Fizz’s heart almost leapt out of his chest. (Which would’ve been a horrible sight if it wasn’t just a metaphor.) He quickly switched the light off and the room was plunged back into darkness. Slowly the birds subsided. Just before he pulled the door to, one of them called him a name. The sort of name I can’t repeat in a book like this (I’m far too polite, even if parrots aren’t). He was glad his mother hadn’t heard.
Fizz stood leant in the doorway, clutching his booming chest and listening really hard. He was afraid they’d heard the parrots’ noise downstairs. But the noise of the television was still rumbling up through the floorboards and the door to the hallway hadn’t opened. It seemed he’d got away with it, for now.
He decided to leave the parrots’ room to the parrots, and tiptoed along the landing to the next door.
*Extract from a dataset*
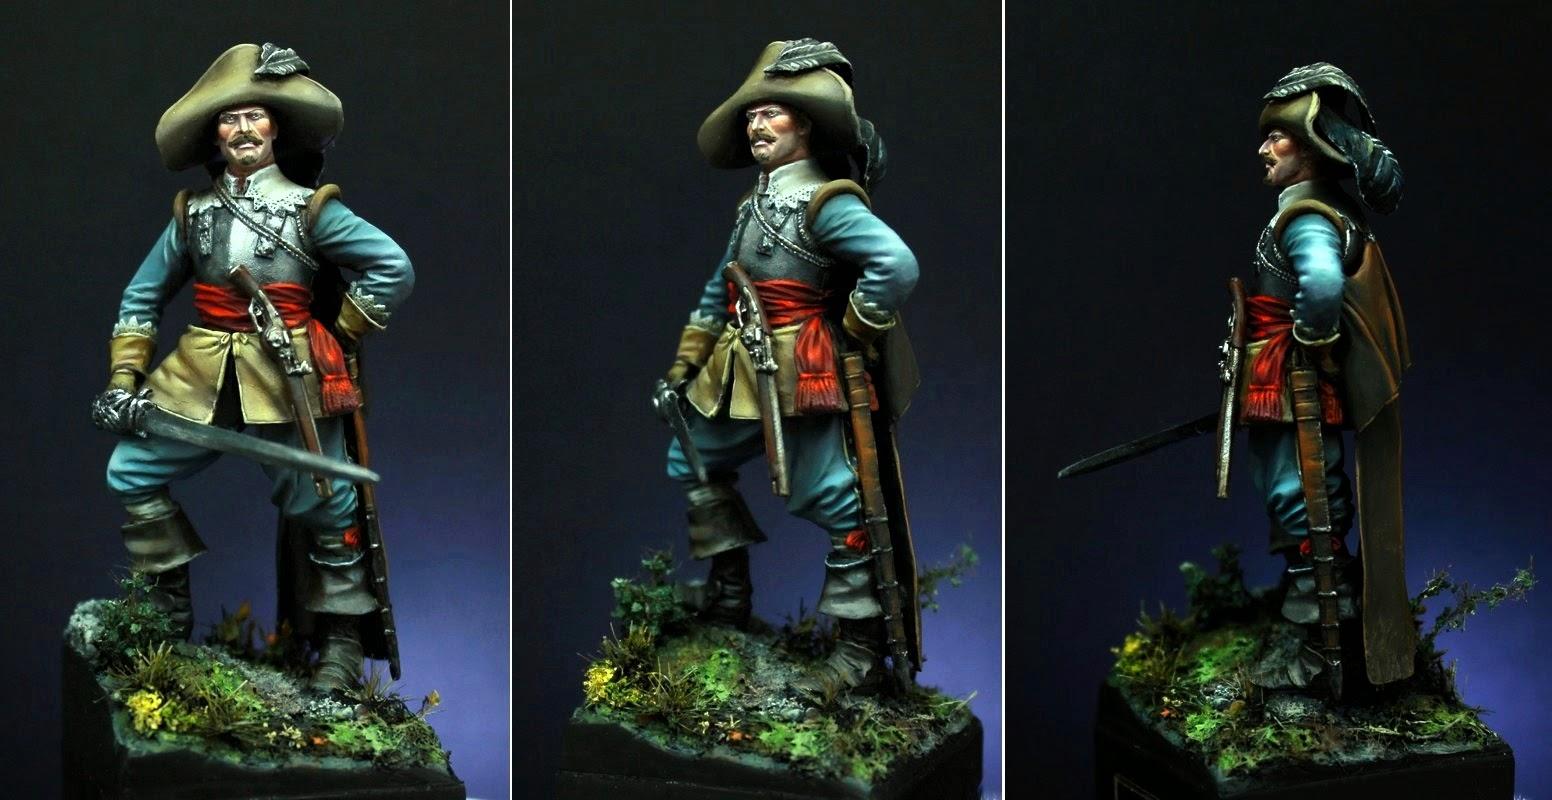 The Mercenary por Rafa Coll

This was obviously the Stinkthrottles’ bedroom. There was a thread of light from between the curtains which lit enough of the room for him to be pretty sure there wasn’t any wildlife lying in wait for him.
He switched on the light.
This room, he had to admit, wasn’t quite as bad as the rest of the house. It still smelt. (Of course.) It still looked worse than even your bedroom looks. (Naturally.) But compared to everything else he had seen recently, it was almost tidy.
Stepping into the room he knocked against a pile of plates, and for a terrible moment he thought they were going to crash to the floor. (The bedroom was directly above the front room, where the Stinkthrottles were watching telly. They were bound to hear a bang on the ceiling.) But instead of falling they just wobbled. The plate on top was glued to the one underneath with leftover supper, and that one was stuck to the one under it, and so on down, so instead of a pile of plates, it was a column, a tower of them, and it just tilted, rocked and settled back down where it was.
The bed was unmade, and the sheets l
ooked grey and greasy and gritty and crumby. The pillows had indentations where the heads would lie, and one of them was stained the same blue as Mrs Stinkthrottle’s hair. (She slept on the right-hand side, nearest the window, in case you wanted to know.)
Fizz left the bed well alone.
There was a dressing table, with a mirror, on one side and he had a look at what was lying about on top. There was jewellery and bottles of perfume, all of them empty. There were pots of makeup and lotions, powder-puffs and tubes of ointment. Some peppermints and humbugs. A book called Forty Beauty Secrets For The Busy Woman. (Mrs Stinkthrottle had clearly been too busy to read it.) There was nothing here that would help him and he wasn’t learning anything new.
In frustration he began pulling out drawers and rummaging. They certainly wouldn’t notice any extra mess he made, so he didn’t have to worry (he hoped) about putting everything back the way he’d found it. That made searching easier.
The first drawer he opened was filled with old paperback books, furry boiled sweets and a stuffed eel. The next few were mainly filled with clothes that were more made of hole than cloth. All the usual rubbish, but nothing that added up to an escape plan. And then he made an amazing discovery.
The bottom drawer was full of money.
Pardon?
The whole drawer was stuffed full of bank notes.
There was no way in the world that Fizz could count it all. It was certainly more money than he’d ever seen. It looked like it had just been stuck in the drawer and forgotten about, except that on the top was a neat little book. When Fizz opened it he saw it was full of columns of numbers. At the bottom of each page was a figure, which he guessed was all the other numbers added up. As he flicked towards the back of the book the numbers at the bottom got bigger and bigger.
He realised that this must be the Stinkthrottles’ savings. They didn’t use a bank, but a bottom drawer instead.
Fizz knew about this, it was an old circus trick (and one of the reasons his dad kept the caravan locked). Because a circus is always on the move, it’s hard for performers to open bank accounts, so lots of them use their bottom drawers. Fizz knew that his mum and dad’s bottom drawer was nothing like the Stinkthrottles’. In fact, his mum and dad’s bottom drawer was so empty most of the time you could hear an echo when you dropped a 50p in.